Solving Quadratic Inequality y = x² + 9x + 18 for f(x) > 0

To solve the inequality $x^2 + 9x + 18 > 0$, we start by finding the roots of the quadratic equation $x^2 + 9x + 18 = 0$.

Using the quadratic formula $x = \frac{-b \pm \sqrt{b^2 - 4ac}}{2a}$:

Here $a = 1$, $b = 9$, and $c = 18$.

Compute the discriminant: $b^2 - 4ac = 9^2 - 4 \cdot 1 \cdot 18 = 81 - 72 = 9$.

Therefore, $x = \frac{-9 \pm \sqrt{9}}{2} = \frac{-9 \pm 3}{2}$.

The roots are $x = \frac{-9 + 3}{2} = -3$ and $x = \frac{-9 - 3}{2} = -6$ .

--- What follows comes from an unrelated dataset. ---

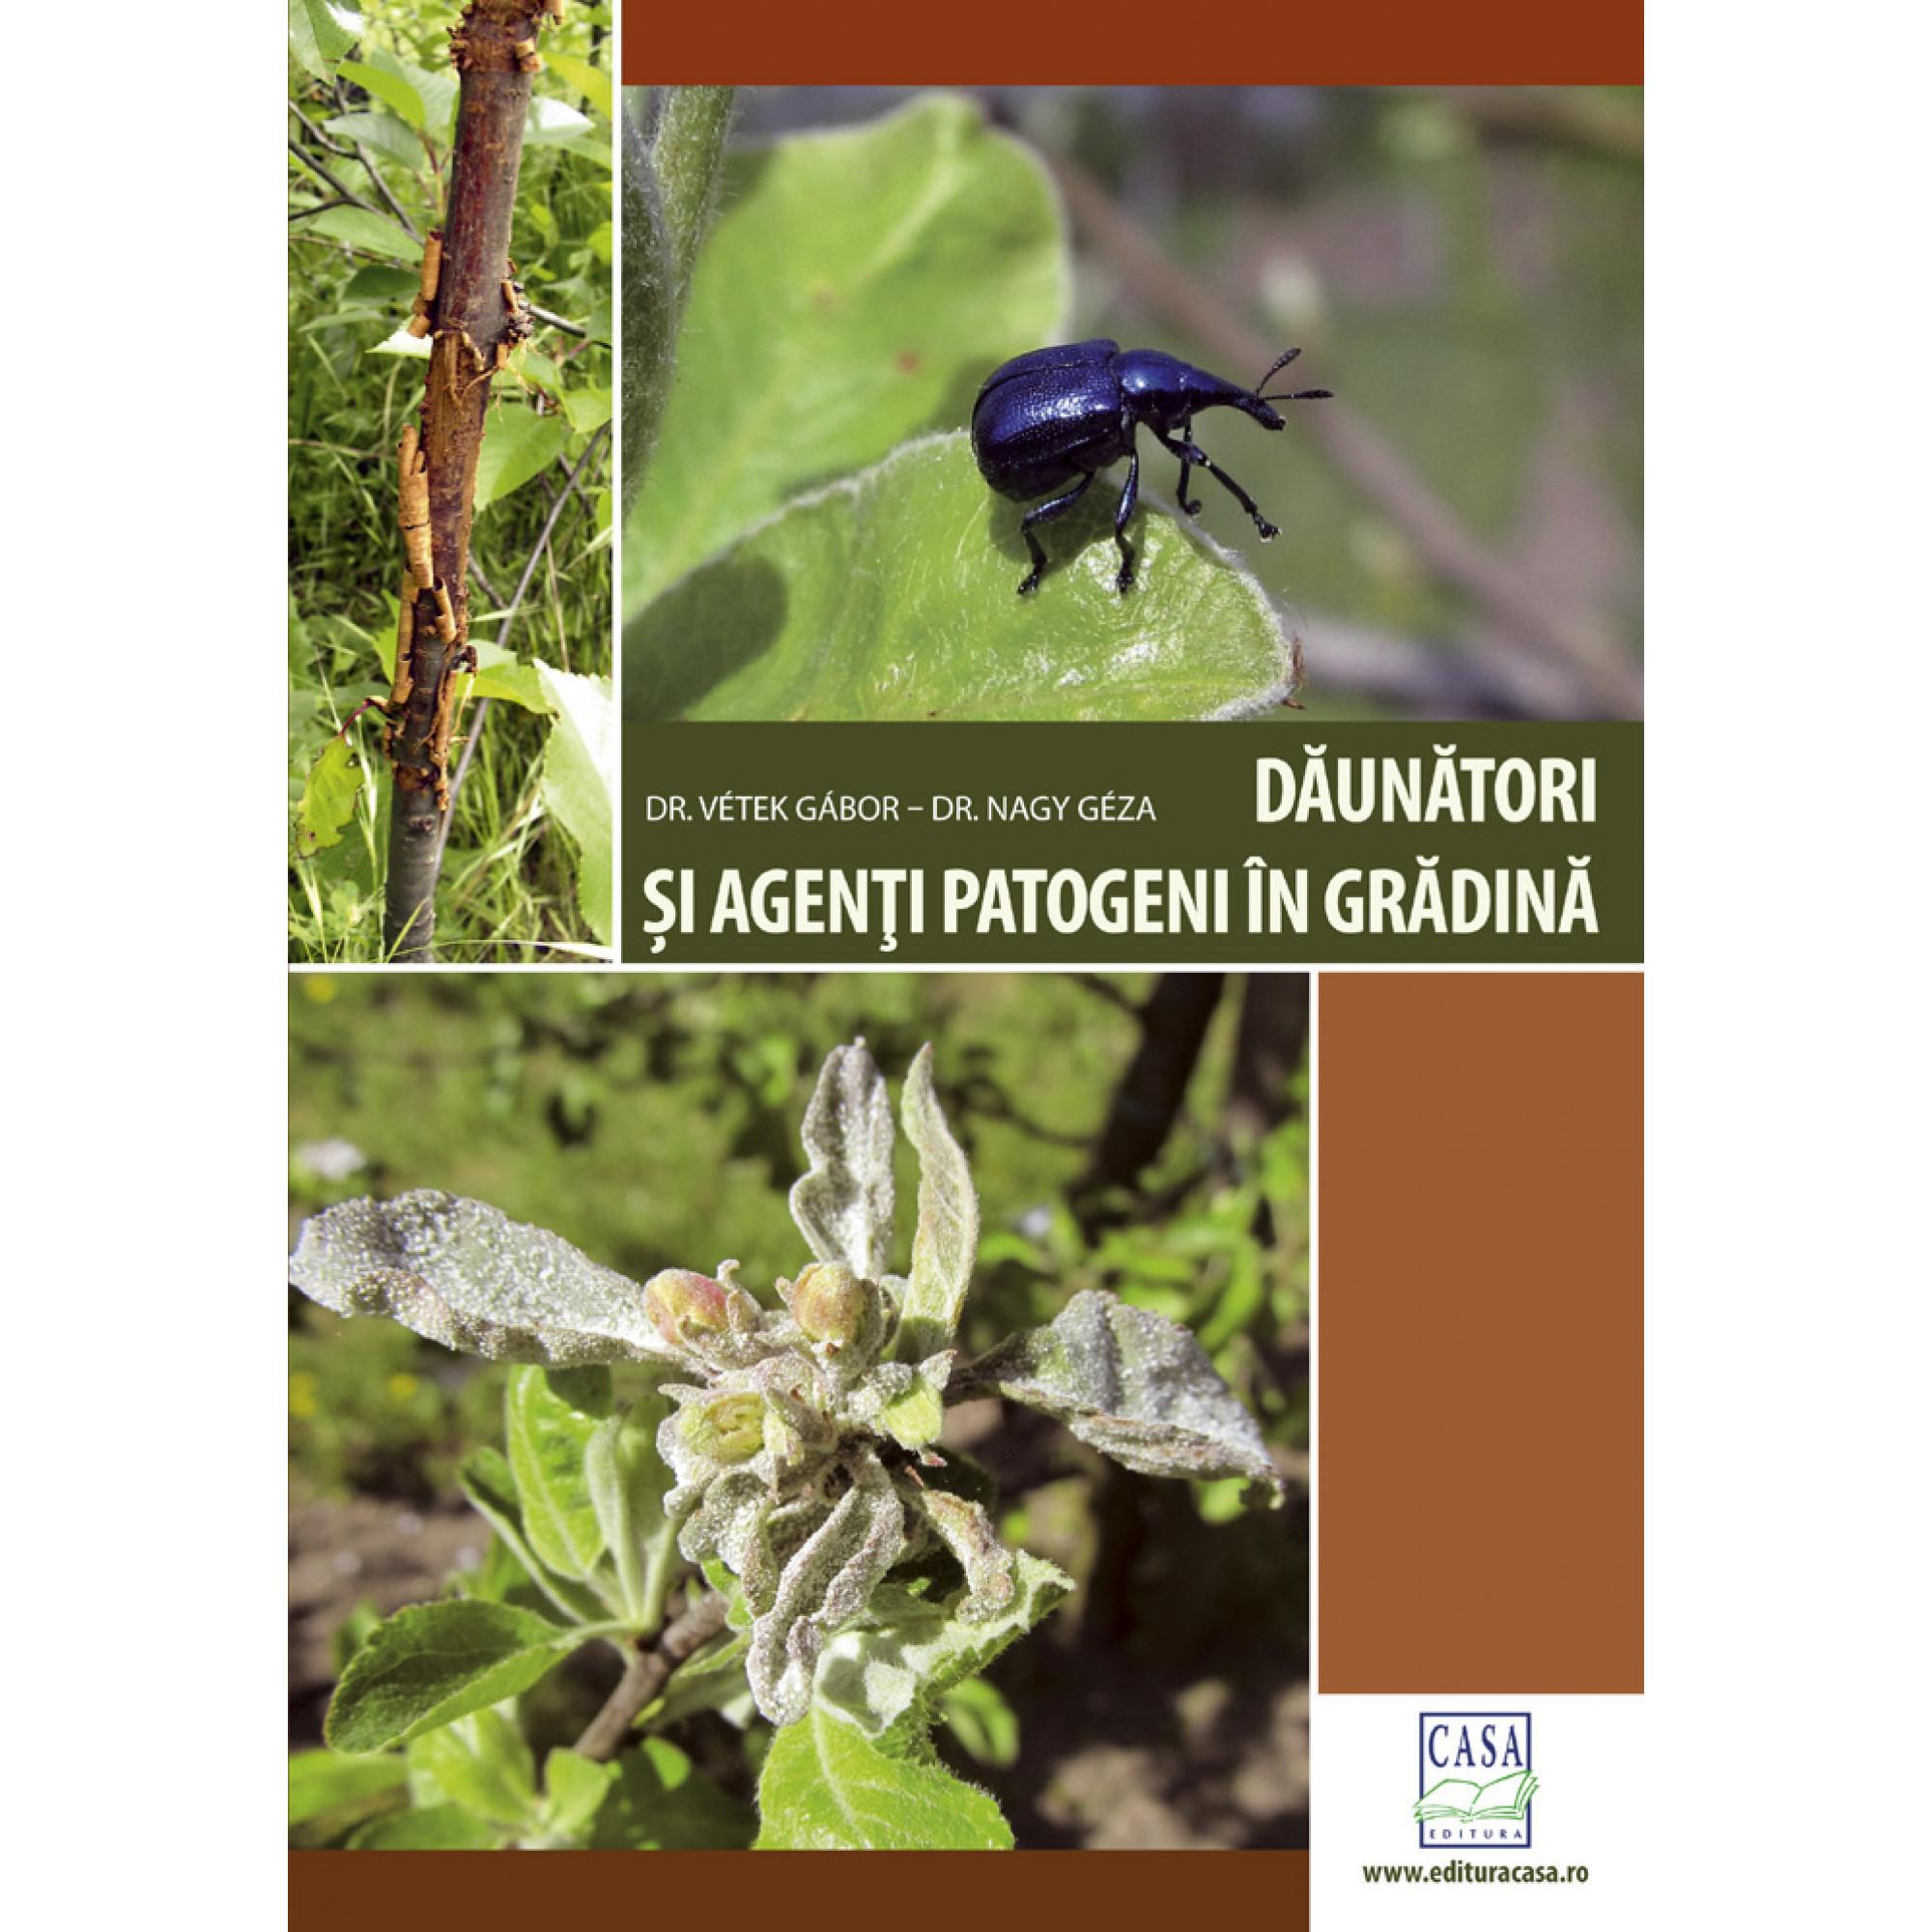 Dăunători şi agenți patogeni în grădină

These roots divide the number line into the intervals: $(-\infty, -6)$, $(-6, -3)$, and $(-3, \infty)$.

We test a point from each interval in the inequality $x^2 + 9x + 18 > 0$ to determine where the function is positive:

• For $x < -6$, choose $x = -7$: $(-7)^2 + 9(-7) + 18 = 49 - 63 + 18 = 4$ (Positive).
• For $-6 < x < -3$, choose $x = -5$: $(-5)^2 + 9(-5) + 18 = 25 - 45 + 18 = -2$ (Negative).
• For $x > -3$, choose $x = 0$: $(0)^2 + 9(0) + 18 = 18$ (Positive).

The function $y = x^2 + 9x + 18$ is positive in the intervals $x < -6$ and $x > -3$.

Therefore, the solution is $x > -3$ or $x < -6$.